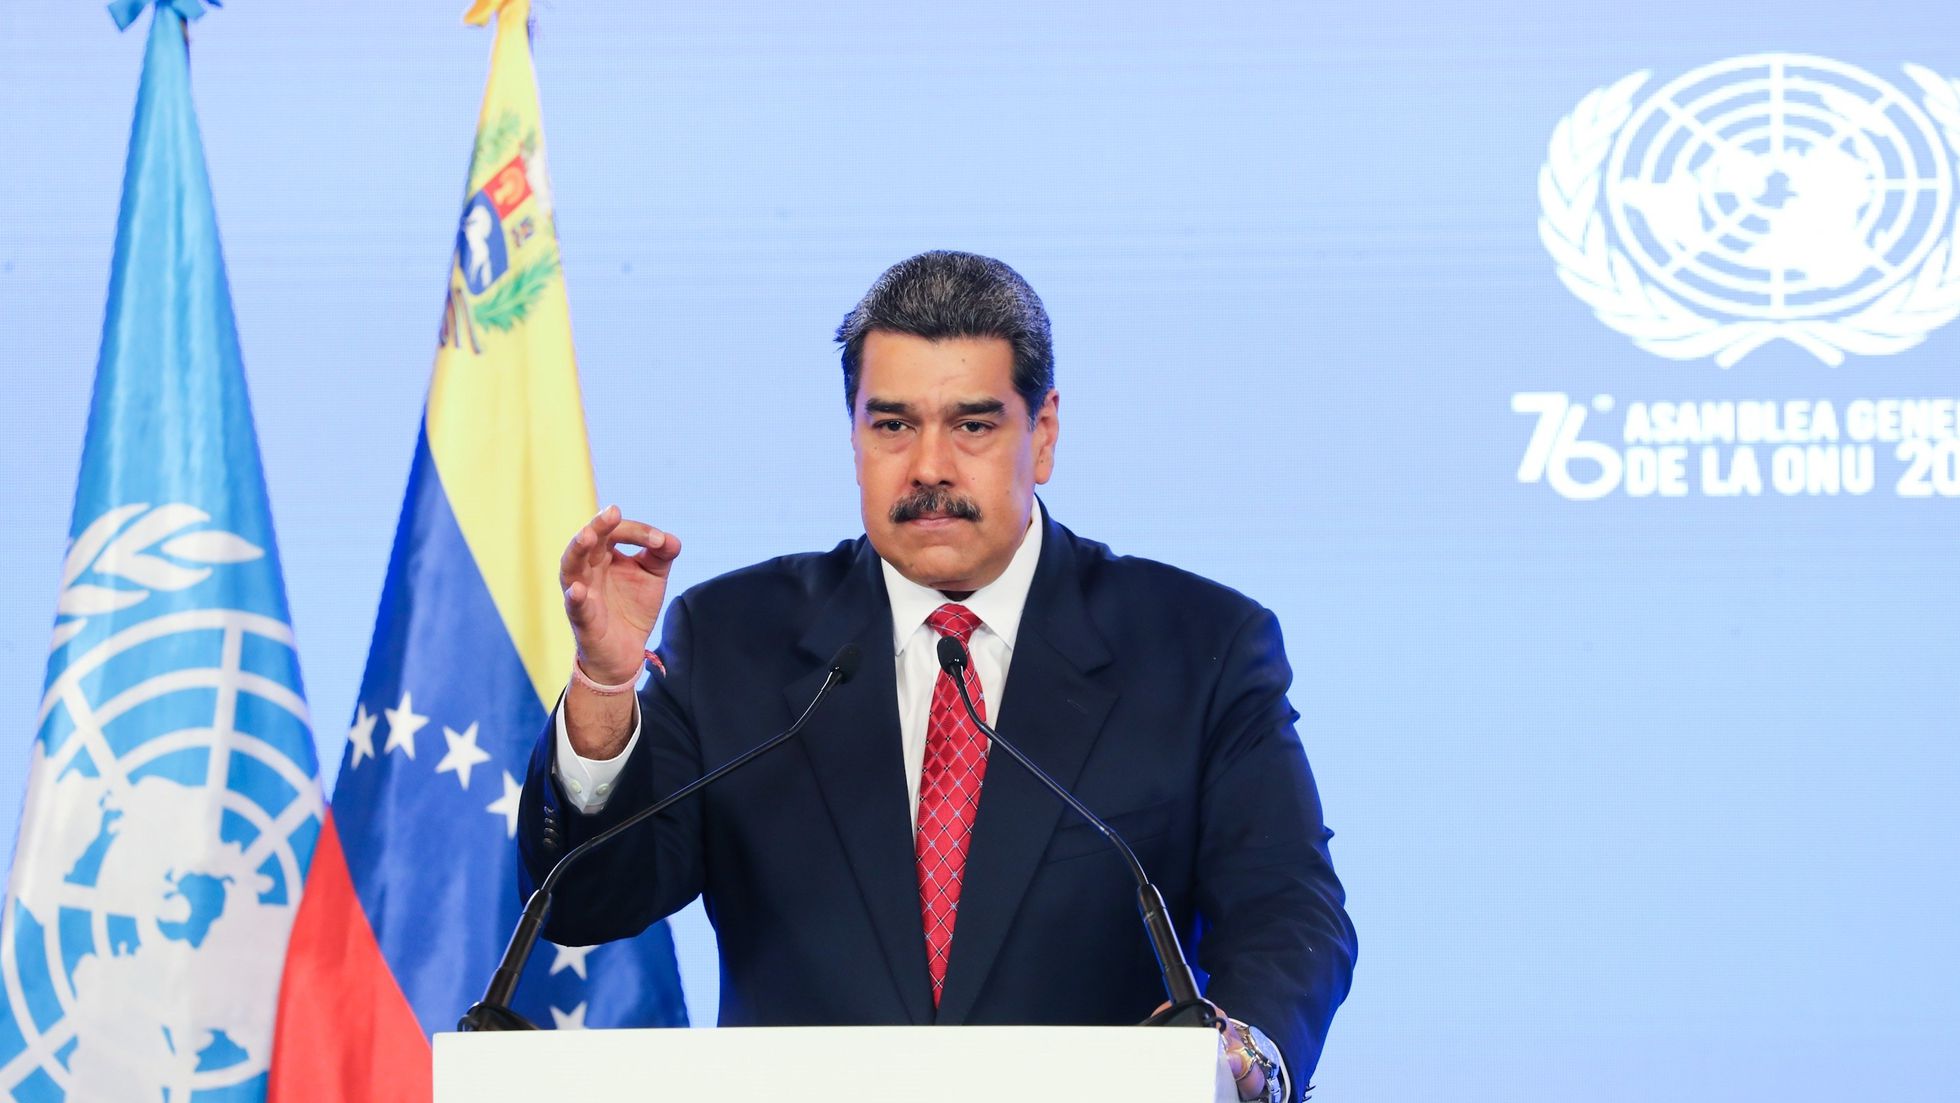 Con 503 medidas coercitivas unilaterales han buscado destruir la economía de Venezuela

---+---

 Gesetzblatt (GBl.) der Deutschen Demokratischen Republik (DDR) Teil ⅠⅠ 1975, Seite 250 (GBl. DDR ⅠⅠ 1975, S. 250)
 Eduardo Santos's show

---+---

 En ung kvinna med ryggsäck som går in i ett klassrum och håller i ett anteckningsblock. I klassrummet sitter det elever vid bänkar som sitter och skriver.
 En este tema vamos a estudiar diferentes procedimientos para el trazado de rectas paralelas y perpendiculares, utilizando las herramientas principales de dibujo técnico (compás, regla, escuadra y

---+---

AIM OF THE TASK: After locating the line with "En ung kvinna" above, return that line and every later line through the one with "En este tema", word for word and with nothing else.

ANSWER TO THIS EXERCISE:
 En ung kvinna med ryggsäck som går in i ett klassrum och håller i ett anteckningsblock. I klassrummet sitter det elever vid bänkar som sitter och skriver.
 En este tema vamos a estudiar diferentes procedimientos para el trazado de rectas paralelas y perpendiculares, utilizando las herramientas principales de dibujo técnico (compás, regla, escuadra y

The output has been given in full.